OUTPUT REPORTS    [Toc]    [Back]

     prof writes an analysis of	the performance	data to	stdout.	 The first
     thing in the list is a summary of the experiment, and description of the
     environment in which it was recorded.  That is followed by	a header that
     summarized	the particular data recorded.  Following that is the function
     list;  if -b[utterfly] is given, and the data supports it,	a butterfly
     list will be presented.

     If	-h[eavy] or -l[ines] is	given, for *pcsamp*, *hwc, and ideal
     experiments, a report of data at the source line level is appended,
     sorted by the performance metric computed on a line basis,	or by
     functions,	and then by line numbers within	a function, respectively.  For
     other experiments,	these options are ignored.

     If	-basicblocks is	given, for ideal experiments only, A report of data at
     the basic-block level is appended.	 If -archinfo is given,	also for ideal
     experiments only, a summary report	of register usage, instruction usage,
     and various other statistics is appended.	For other experiments, these
     options are ignored.

     If	-dsolist is given, a list of the DSOs used by the program is appended.

     If	-usage is given, a summary of the resources used by the	program	is
     appended.

FUNCTION LIST    [Toc]    [Back]

     The default output	for any	experiment is a	function list, sorted in the
     order of exclusive	values of the primary metric--the performance cost of
     the function, as computed from the	data recorded.	For many experiments,
     this metric is a time, printed in the report in seconds; for others, it
     is	a count	of events-FPEs,	IO calls, or R10K counter overflow counts.

     The report	begins with a legend line, naming each of the columns of data.
     Each line in the list has an index; if -b[utterfly] is not	specified, the
     index will	be in numerical	order; if it is	specified, the index will be
     in	order of functions as sorted by	the inclusive metric.  The index
     serves as a poor-person's hyperlink through the butterfly,	and between
     the butterfly and the function list.





									Page 3






PROF(1)								       PROF(1)



     To	the left of the	index, is the primary metric, followed by its
     representation as a percentage of the whole program, followed by the
     cumulative	percentage up to that point in the list.  The next two columns
     are inclusive value of the	metric., and its representation	as a
     percentage.

     Following that may	be additional columns of data, as appropriate to the
     particular	data recorded.	Finally, rightmost on the line will be the
     name of the function, and the DSO and source file basenames.

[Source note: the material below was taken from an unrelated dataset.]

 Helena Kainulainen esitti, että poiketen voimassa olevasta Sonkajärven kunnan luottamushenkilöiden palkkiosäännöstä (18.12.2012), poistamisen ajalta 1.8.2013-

BUTTERFLY LIST    [Toc]    [Back]

     The butterfly list	is a set of records that show the callers and callees
     of	each function.	The list is sorted in the order	of inclusive values of
     the primary metric.  For each function, its callers are shown above it,
     and its callees below.  The center	line is	for the	function itself, and
     shows the index at	the beginning and end of the line.  The	second and
     third columns are the inclusive percentages of the	primary	metric and its
     absolute value.  The next two columns of the center line are the
     exclusive percentage and the exclusive value of the metric, followed by
     the function identification.

     Callees are shown below the function, with	attribution percentages	and
     values lined up below the self percentages	and values of the center
     function.	In absolute mode (the default),	the percentages, including the
     center node's self	value, should add up to	the inclusive percentage of
     the center	node;  in relative mode, specified with	-rel[ative] flag, the
     percentages should	add up to 100 %.  In either mode, the attribution
     values should add up to the inclusive time	of the central function.  The
     attribution data for callees is followed by the inclusive value for that
     caller and	callsite, followed by the callsite identification, with	an
     address, a	source file, and a line	number.	 For callees, the source file
     will be that of the central function.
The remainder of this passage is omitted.